Mas geralmente o adenoma pleomórfico acomete o lobo superficial, retira tranquilamente e
fica tudo resolvido na grande maioria das vezes.

• Microscopia
o Estruturas acinares, epitélio proliferado recapitulando estruturas ductais e tem tecido frouxo,
claro, translúcido
▪ Grande quantidade de matriz entre as células.
o Esses componentes podem variar em quantidade.
Tumor de Warthin / Cistadenoma Papilar Linfomatoso
• Benigno
• Epidemiologia
o A 2ª neoplasia mais comum das glândulas salivares
o O tumor Warthin (cistadenoma linfomatoso papilífero) é encontrado exclusivamente na
glândula parótida e nos gânglios linfáticos periparótidos
o Muito raro nas outras glândulas salivares.
o É mais comum em homens, e uma relação quase universal com o tabagismo foi encontrada
▪ 8x mais frequente em fumantes
o 5ª a 7ª década de vida
• Etiologia ainda não esclarecida
• Clínica
o Crescimento lento, indolor, abaulamento em região pré auricular.
• Morfologia
o Neoplasia epitelial benigna glandular que forma cavidade cística cujo estroma possui denso
infiltrado linfocitário.
o A glândula salivar que tem tecido linfóide associado é a parótida, inclusive tem linfonodos
intraparotídeos.
o Macroscopia
▪ Encapsulado
▪ Coloração pardo-amarelada
▪ Papilas que macroscopicamente se apresentam com aspecto de couve flor.
▪ Múltiplos espaços císticos preenchidos por líquido claro, mucoide ou marrom e, às
vezes, por substância pastosa de aspecto caseoso
o Histologia
▪ Muito característica.
▪ Cavidade cística
▪ Formação de papila
▪ Cavidades e papilas recobertos por epitélio de dupla camada da glândula salivar.
▪ Estroma carregado de linfócitos com centros germinativos (redemoinhos)
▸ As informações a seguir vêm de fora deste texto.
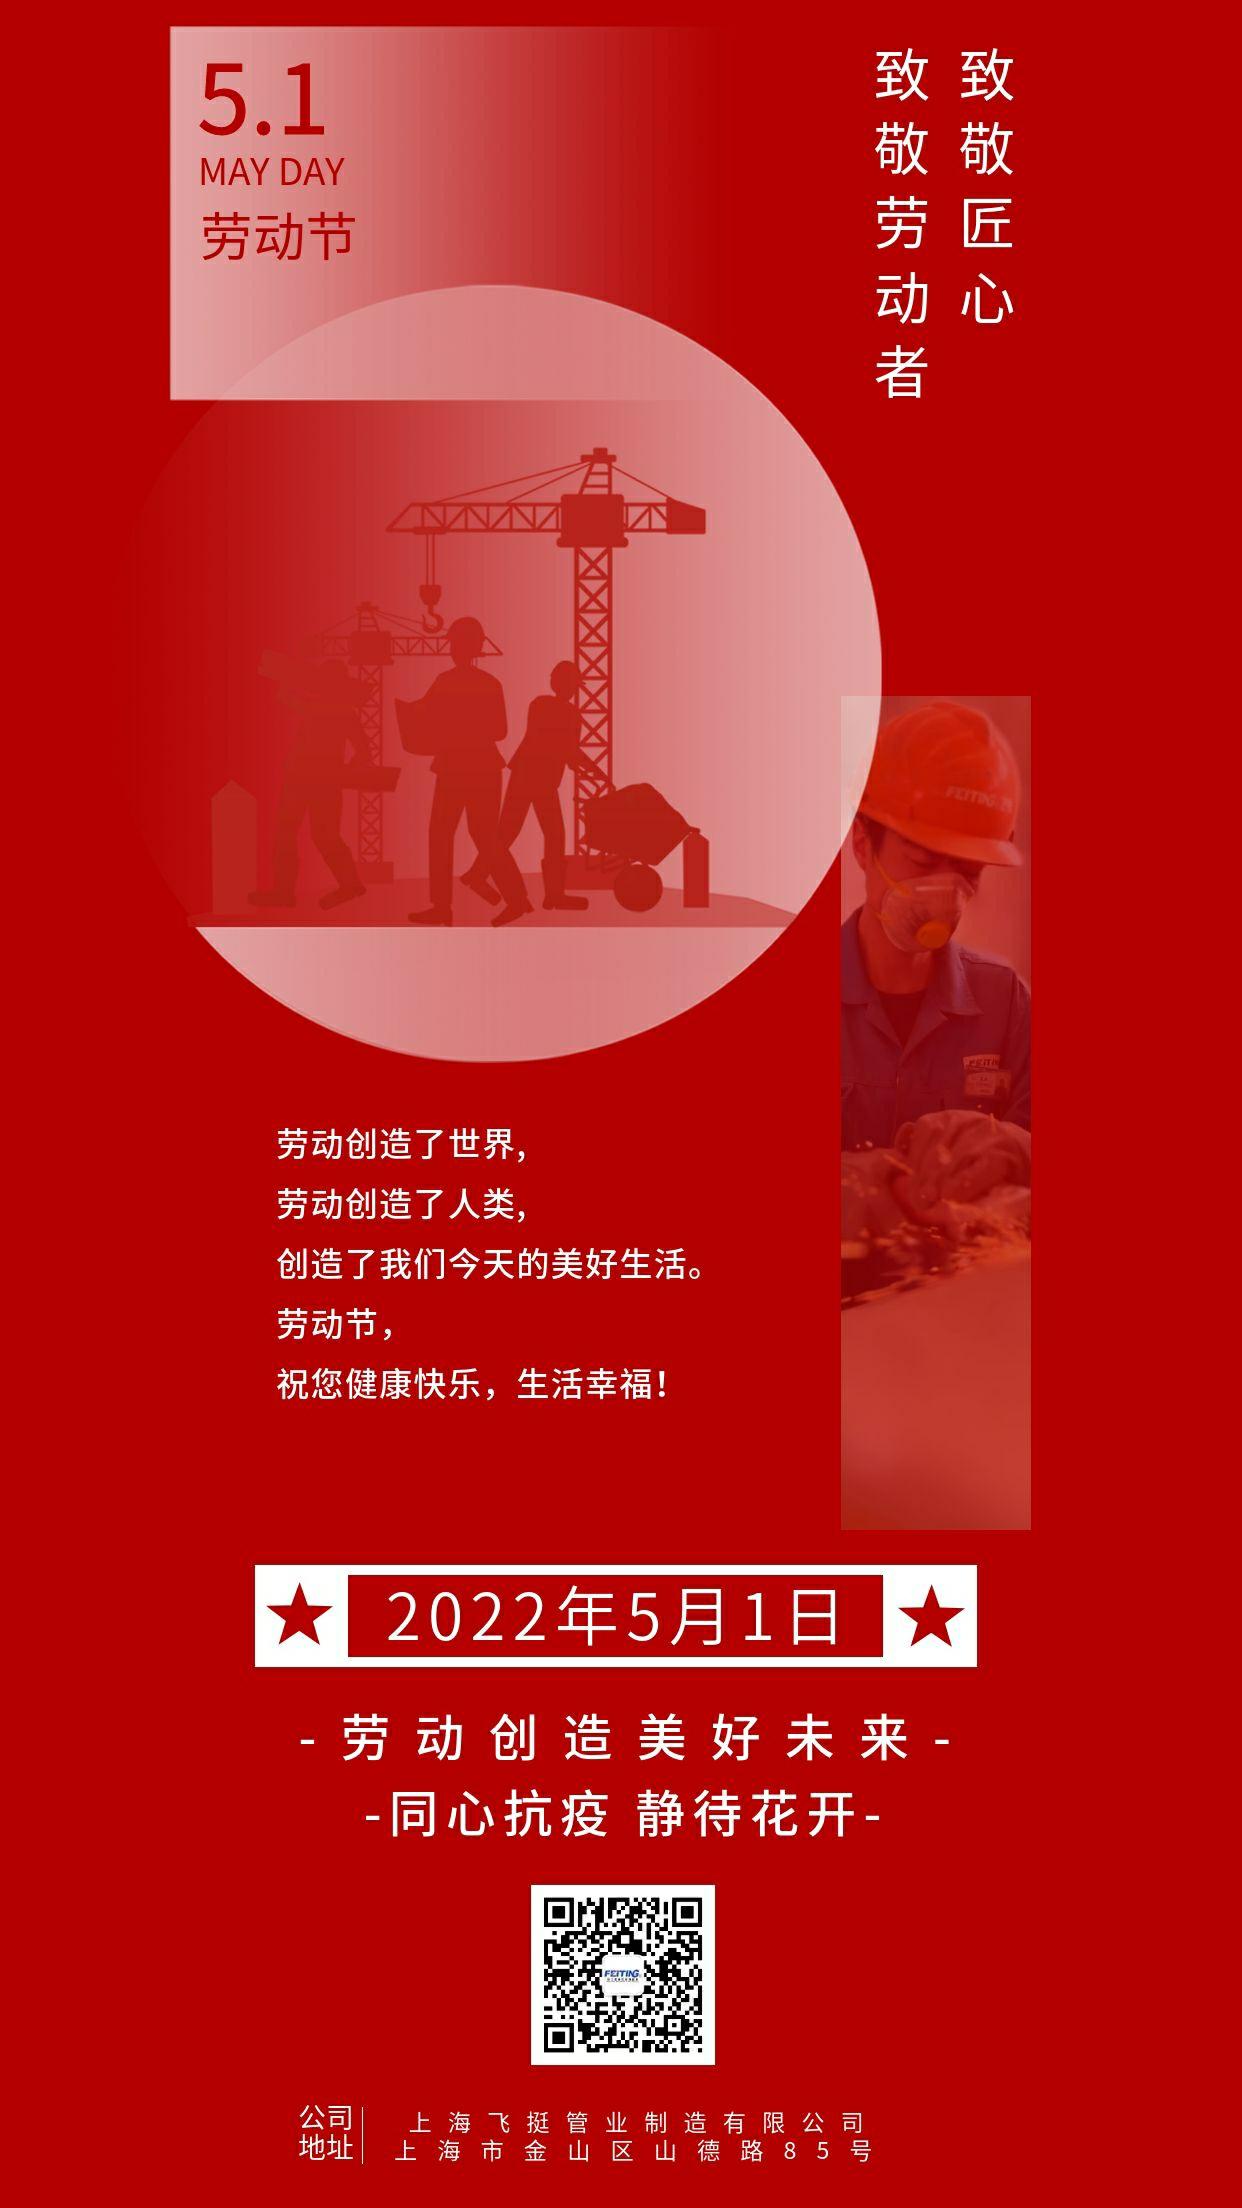 简约创意五一劳动节宣传手机海报 (4)_精灵看图.jpg

▪ Citoplasma granular e acidofílico
• Epitélio com as alterações oxifílicas/oncocítico
o Presente em outros órgãos como rins e tireoide
o Se refere a tumores com alteração citoplasmática com excesso de
mitocôndria, um citoplasma tipicamente granular e acidofílico
Carcinoma Mucoepidermóide
• Neoplasia maligna mais comum
• Mais comumente na glândula parótida
• Componente mucoprodutor e um escamoso.
• Existem 2 tipos de carcinoma epidermóide (alto e baixo grau)
• Baixo grau
o Sobrevida em 5 anos de mais 90%
o Boa delimitação
o Tem predomínio do componente mucoso, formando cavidades com muco. Componente
mucoso é facilmente reconhecido.
o A maioria é de baixo grau.
• Alto grau:
o Sobrevida em 5 anos de 50%
o Bordos infiltrativos, mal delimitado, estrelado
o O componente mucóide é escasso, o muco não é observado com facilidade, tendo até que
fazer colorações especiais para vê-lo.
o Predomínio do componente sólido escamoso. Mais mitose, mais pleomorfismo celular.
• Macroscopia
o Aspecto bem característico de carcinoma: fosco, brancacento, firme. Componente mucosa é
microscópico.
• Microscopia
o Microscopicamente, três tipos principais de células podem ser identificados:
▪ Produtoras de mucina,
▪ Escamosas (epidermóides)
▪ Intermediárias
Carcinoma Adenoide-Cístico
• 2ª neoplasia maligna mais comum
• Típico da glândula salivar, mas mais eventualmente pode estar presente em mamas, pulmões.
• Morfologia
o Macroscopia
▪ Nódulo fosco, brancacento, firme como carcinomas de uma forma geral costumam
apresentar.
▪ Grosseiramente, geralmente tem uma aparência sólida e um padrão infiltrativo de
crescimento, embora alguns exemplos possam ser bem circunscritos.
▪ Eventualmente variante sólida ou com formação de trabéculas.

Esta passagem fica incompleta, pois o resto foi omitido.